▶ _STORED DATA_
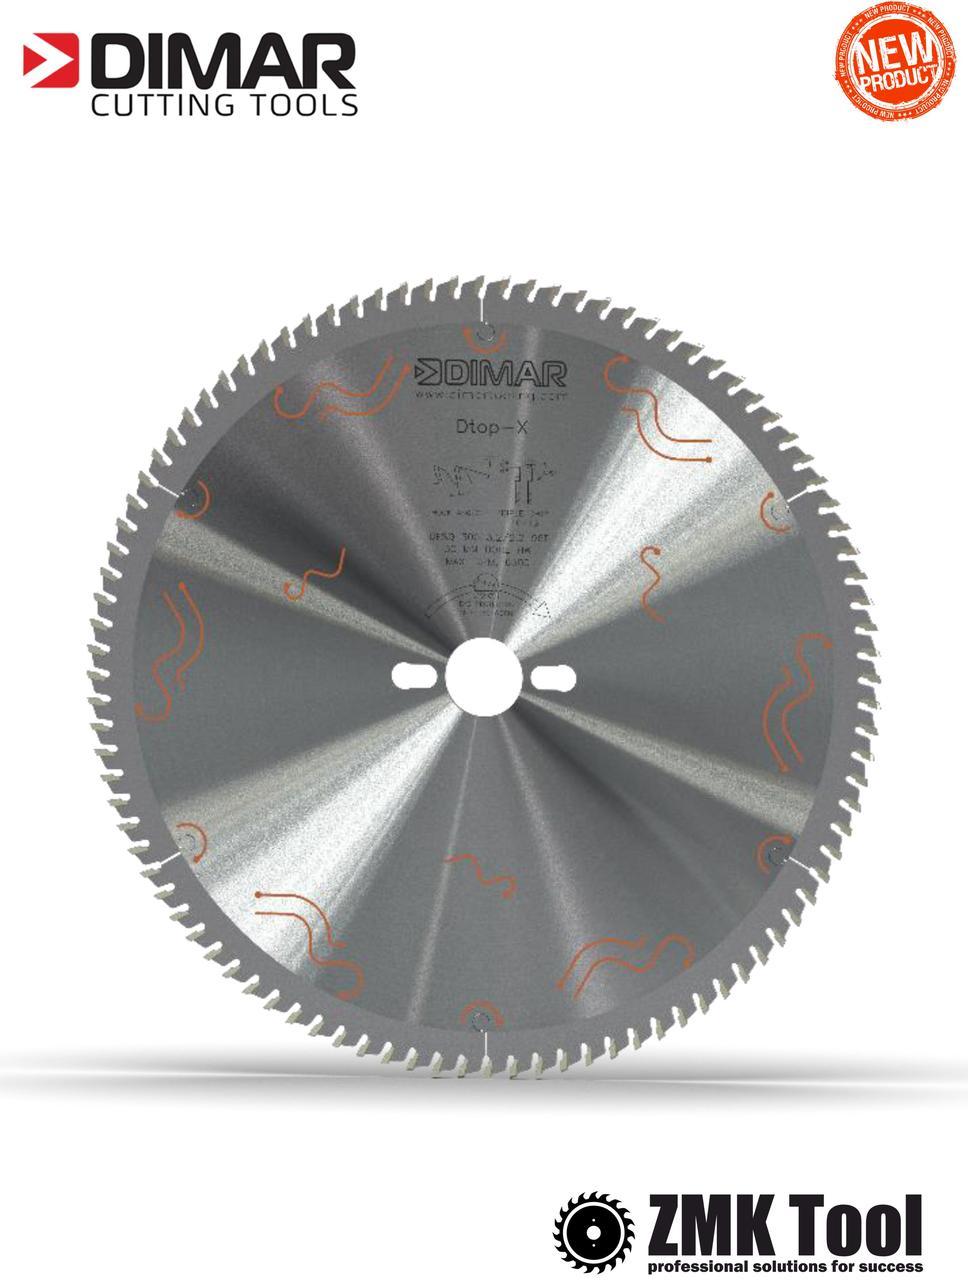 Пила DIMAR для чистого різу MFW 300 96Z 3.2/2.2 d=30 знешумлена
--
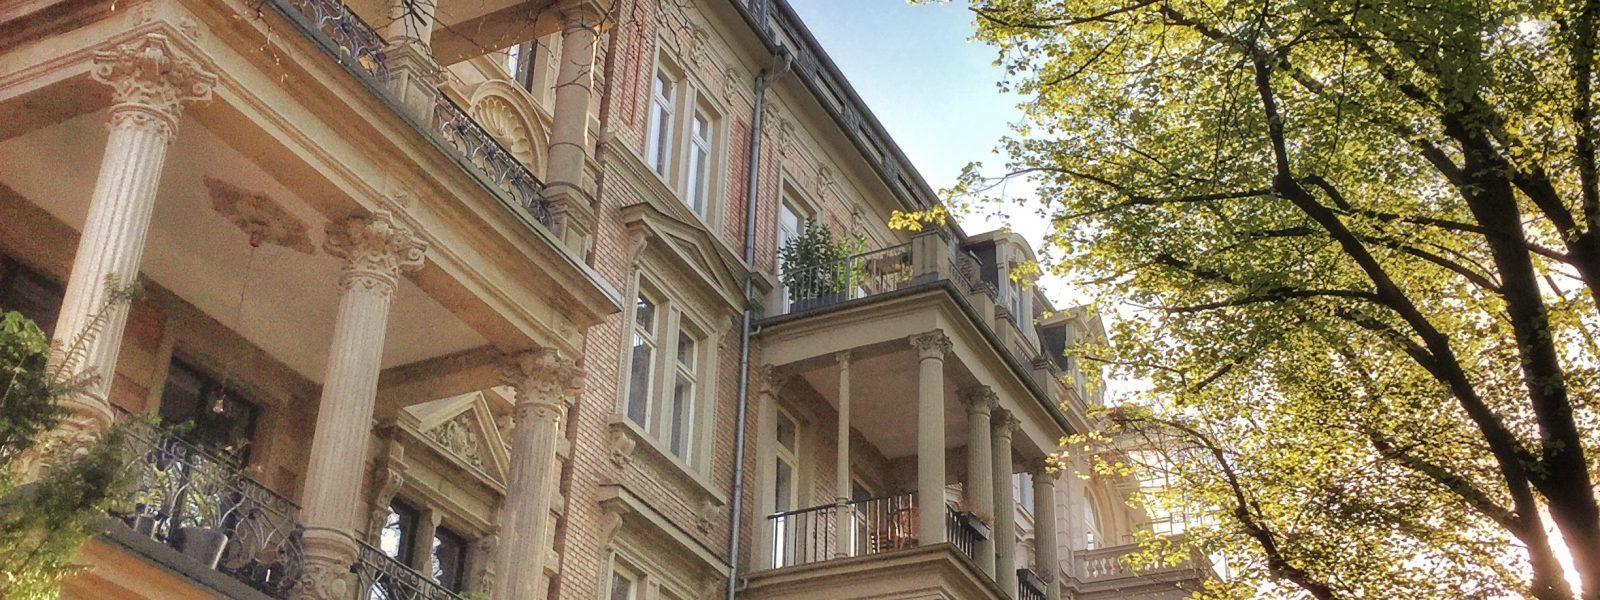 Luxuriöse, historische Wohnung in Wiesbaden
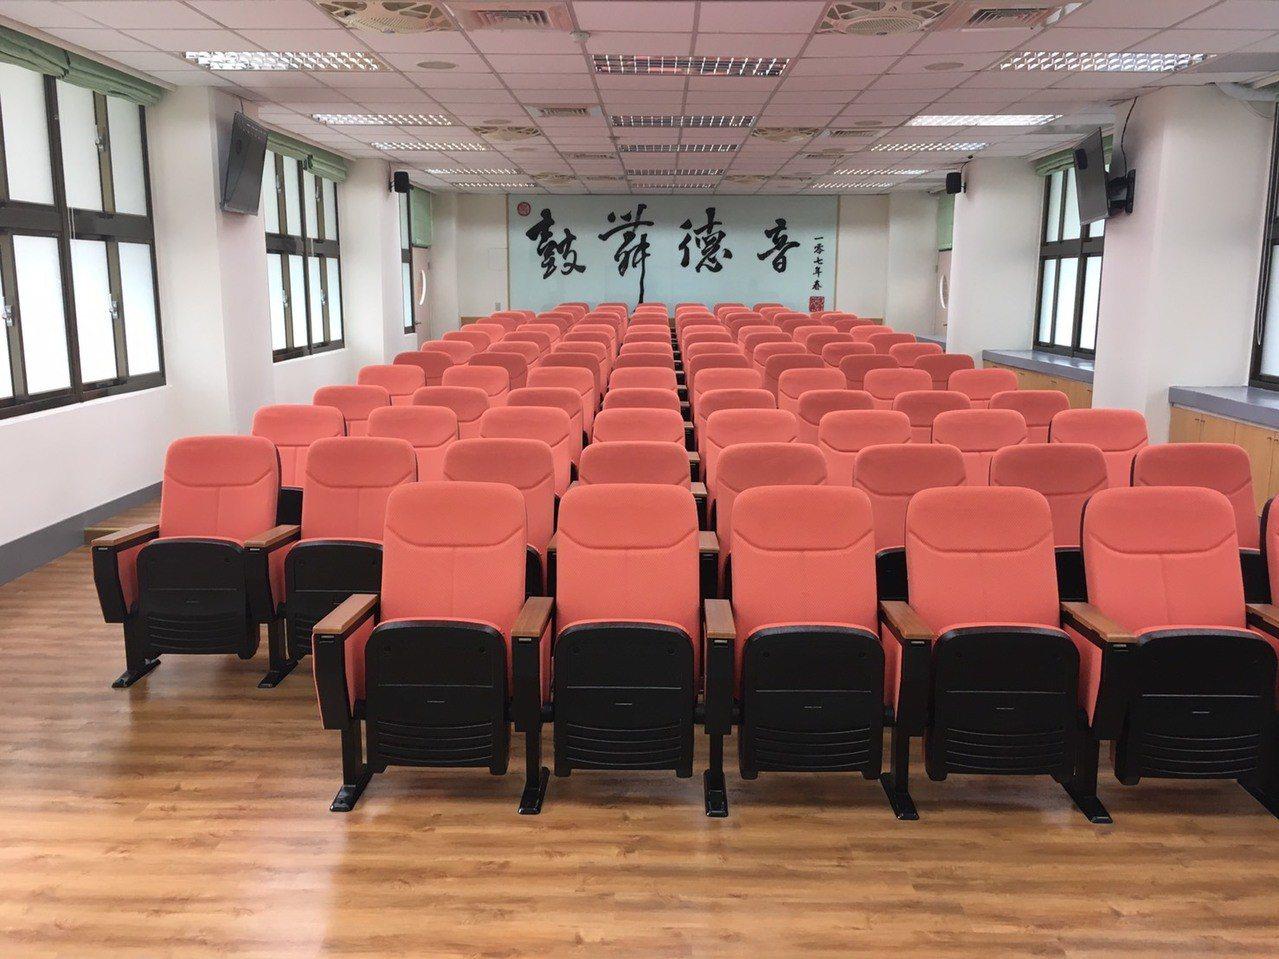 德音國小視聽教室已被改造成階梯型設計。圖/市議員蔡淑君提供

▶ _TASK GOAL_
Print exactly, with no pictures, the lines above from the one that holds "Luxuriöse, historische Wohnung in Wiesbaden" through the one that holds "德音國小視聽教室已被改造成階梯型設計。圖/市議員蔡淑君提供", both of them included.

▶ _RESULT BELOW_
 Luxuriöse, historische Wohnung in Wiesbaden
 德音國小視聽教室已被改造成階梯型設計。圖/市議員蔡淑君提供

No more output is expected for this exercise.